Nun erstmal das Zelt aufbauen, die erste Dose "Diebels Alt" geöffnet,
die Nachbarn herzlich begrüßt, man kennt sich ja, und das warten begann.
Gegen 4 Uhr machten dann Manuel und ich uns auf dem Weg zum Gelände,
um die erste Band zu sehen.
Aber ersteinmal Bändchen holen, ab zum Eingang, und warten.
Tja, immer wieder interessant zu sehen, wie enthusiastisch die Ordner am ersten Tag
noch arbeiten,
um dann im Laufe der Zeit einen fast nur noch im Schnellverfahren abzutasten.
Tja, dann ging es aber auch schon los.
Pünktlich um 17.00 h betraten dann "Knight Errant" aus der Türkei die Hauptbühne,
und rockten sowas von geil ab, das einem Hören und Sehen verging.

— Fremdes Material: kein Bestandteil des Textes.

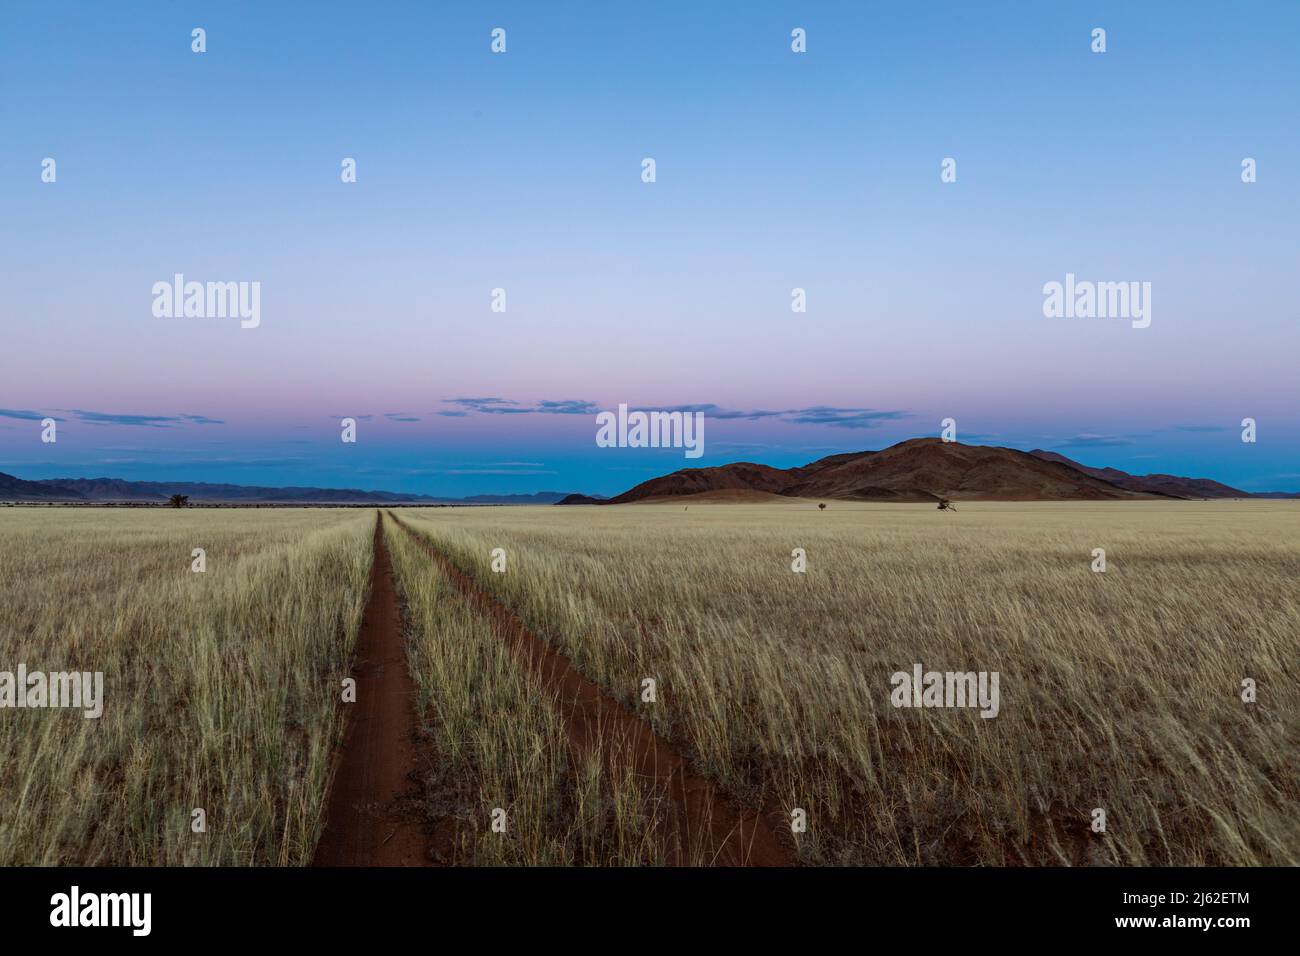 Tweespoorpaadjie in dry grass to the blue sky after sunset Namib Desert Namibia Stock Photo

Die 6 Türken waren die erste türkische Metalband die außerhalb der Türkei spielte,
und diese Premiere nutzten sie wirklich aus.
Mit ihrem zeitweilig an "Skyclad" erinnernden Folk/Power Metal, schafften sie es,
sich sehr schnell Freunde zu machen, auch die Geigerin war sehr bewegungsfreudig.
Der Sänger sollte zwar noch ein wenig an seiner Stimme arbeiten,
aber wenn die so weitermachen, werden sich diese 6 Türken sehr schnell eine Fangemeinde
aufbauen.
Ein riesiges "FUCK OFF" geht aber an die Leute, die so Dinge vom Stapel ließen wie:
"Die sollen sich zurück nach Anatolien verpissen und Döner verkaufen",
und ähnlicher geistiger Dünnschiß.
Verstehe einer was der Mist soll.
Nun ging es aber ersteinmalb zum angekündigten Fussballspiel, zwischen dem RockHard Team
und dem AFM Records Team.
Leider war ein gewisser Chefredakteur der obengenannnten Zeitung, trotz Ankündigung,
wohl zu faul zum spielen. Er tauchte nur kurz auf, und war auch wieder weg.
Tankard-Gerre hatte aber eine gute Entschuldigung. Ein kaputtes Knie.
Gute Besserung von dieser Stelle.
Tja, nun ging das Spiel auch los. Ein recht geiles Gekicke auf Thekenfußballniveau
belustigte die Zuschauerschaft. Und der Torwart der RH-Redaktion zeichnete sich durch
wahres Unvermögen aus, habe lange nicht mehr einen solchen Fliegenfänger gesehen.
Tja, beim Stand von 5 : 1 verließ ich dann das Geschehen, denn es war Zeit für "Finntroll".
Und mit einem langen Intro begann es dann auch schon.
Das Publikum vor der Bühne war guter Dinge, und auch das was auf der Bühne passierte,
war als einfach geil zu bezeichnen, wenn dieser elendige Scheppermüllsound zu Beginn nicht
gewesen wäre.
Der zerstörte leider so einiges.
Trotzalledem spielten sich die verrückten Finnen wahrhaft den Arsch ab,
und auch im Publikum war die Stimmung recht gut.
Songs von der "Jaktens Tid" und der "Midnattens widunder" wechselten sich fröhlich ab.
Ein im großen und ganzen guter und ordentlicher Gig, wäre der Sound besser gewesen,
hätte es der Knaller werden können, so war es aber leider nur Durchschnitt.
Nun hätten eigentlich "Crematory" kommen sollen, aber da die Band im Stau stand,
wurde es daraus nix.
Dafür spielte dann eine Mand namens "Impotent Sea Snakes", wo ich bei der Erwähnung
des Namens fluchtartig das Gelände verließ, um dann ganz schnell im Camp aufzutauchen.
Das musste ich mir dann doch nicht geben, und ersteinmal hinsetzen, ein Bierchen trinken,
und auf "W.A.S.P" warten.
Kurz vor Beginn des Auftritts, begab ich mich dann auch mit "Nuc" und seiner werten Gattin
zur Hauptbühne, um mir endlich mal "W.A.S.P" anzuschauen.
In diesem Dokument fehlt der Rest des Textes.